Апофеозом знакомства стал мистер Боб. Я сразу не мог сказать, кого он мне напоминает больше, хромого ворона, въедливую цаплю, не самого удачного двойника Чарли Чаплина или хитрого визиря из персидских сказок. Он, скрывшись в тени, подобно серому кардиналу, давно наблюдал за нами оценивающим пронзительным взглядом из-под низко, до самых чёрных глаз, затянутой по-пиратски чёрной банданы. Кого он видел? Конкурентов на пути карьерной лестницы? Мух, вторгшихся в паутину дворцово-отельных интриг? Разводчиков чау-чау, ищущих новый рынок для сбыта просроченных собачьих консервов? Или же новых друзей? Кто знает? Такой взгляд мог скрывать какие угодно мысли, даже самые безумные, вплоть до ограбления киоска «союзпечать». Небрежно и по возможности чинно, то шаркая правой ногой то волоча её за собой, он подошёл к нам с Джаном.

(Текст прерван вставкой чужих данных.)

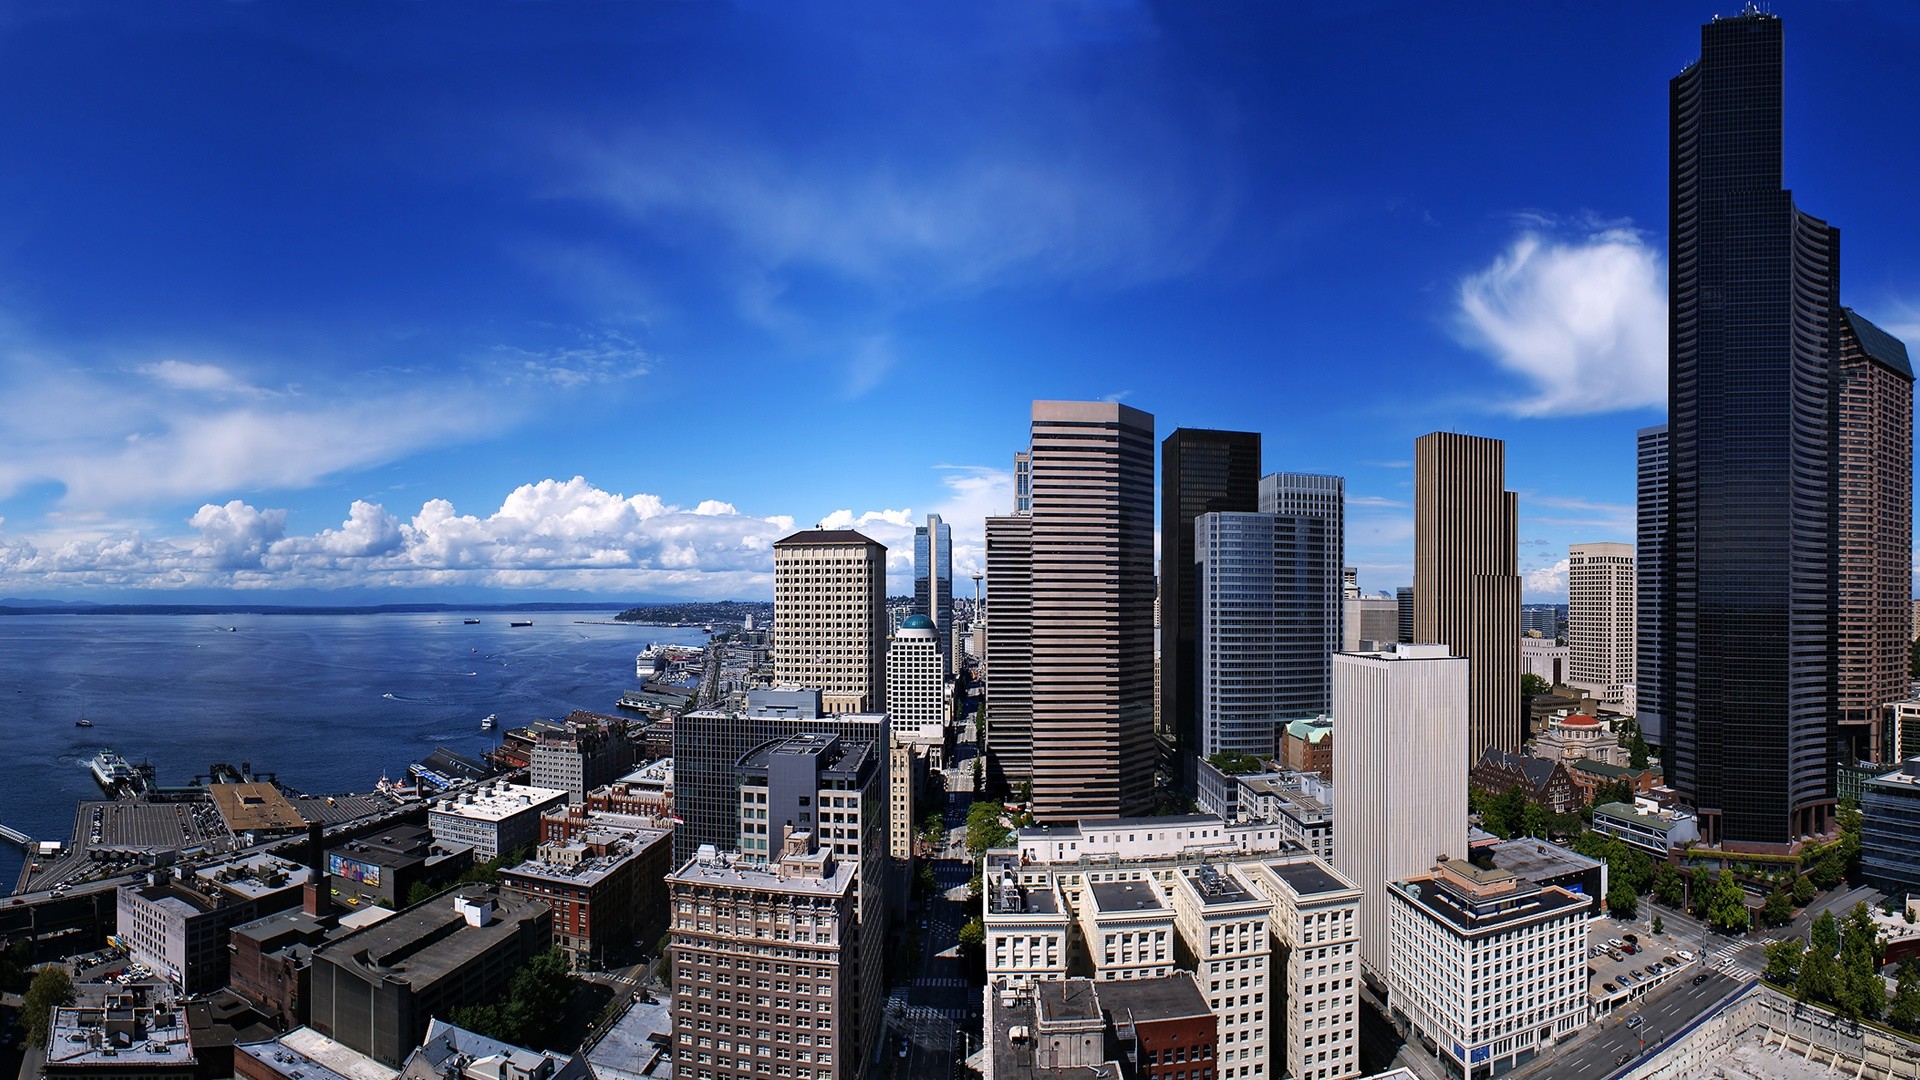 Seattle business center skyscraper aerial view

– Боб! – представился он по-царски, протягивая руку ладонью вниз, словно для лобызания, смело ожидая, что от одного этого слова должны подкоситься колени и пересохнуть в волнении горло. Его худое лицо немного исказилось, крючковатый нос хищно загнулся, кинжальный взор сверх обострился, когда я пожал ему руку. Мне показалось или между нами в этот момент действительно промелькнула чёрная кошка. Растирая ладонь пожатой руки, он что-то прошипел на своём наречии. Наверное, я переборщил с интенсивностью пожатия. Впрочем, судя по его жилистой и близкой к анорексии фигуре, ему хватило бы даже половины дозы ладонного приветствия. Не переставая метать в мою сторону гневные взоры, он решил воздержаться от нового рукопожатия с Джаном и кивком поприветствовал того. Услышав от толстячка с лицом буддиста, что он шеф, Боб почему-то растерялся, растеряв пафос визиря и побледнел в и без того изменившейся физиономии. Из последующей перепалки его с Натали, я определил, что роль шефа в доблестной команде аниматоров Rose отеля он отводит себе и не собирается мириться с появлением какого-то Джана, претендующего на ту же роль. Он до того раззадорил себя яростными речами, что мог бы не избежать участи подвергнуться самосожжению то бишь воспламениться, но тут вновь вовремя возник Ур. Он стиснул его за плечи с такой силой, что воздуха для брани у мистера Боба не осталось и отвёл его в сторону, подальше от глазеющих на это действо туристов, которые на короткое время даже забыли о своей программе дня – зевать, пить и рыть шлёпком суэцкий канал.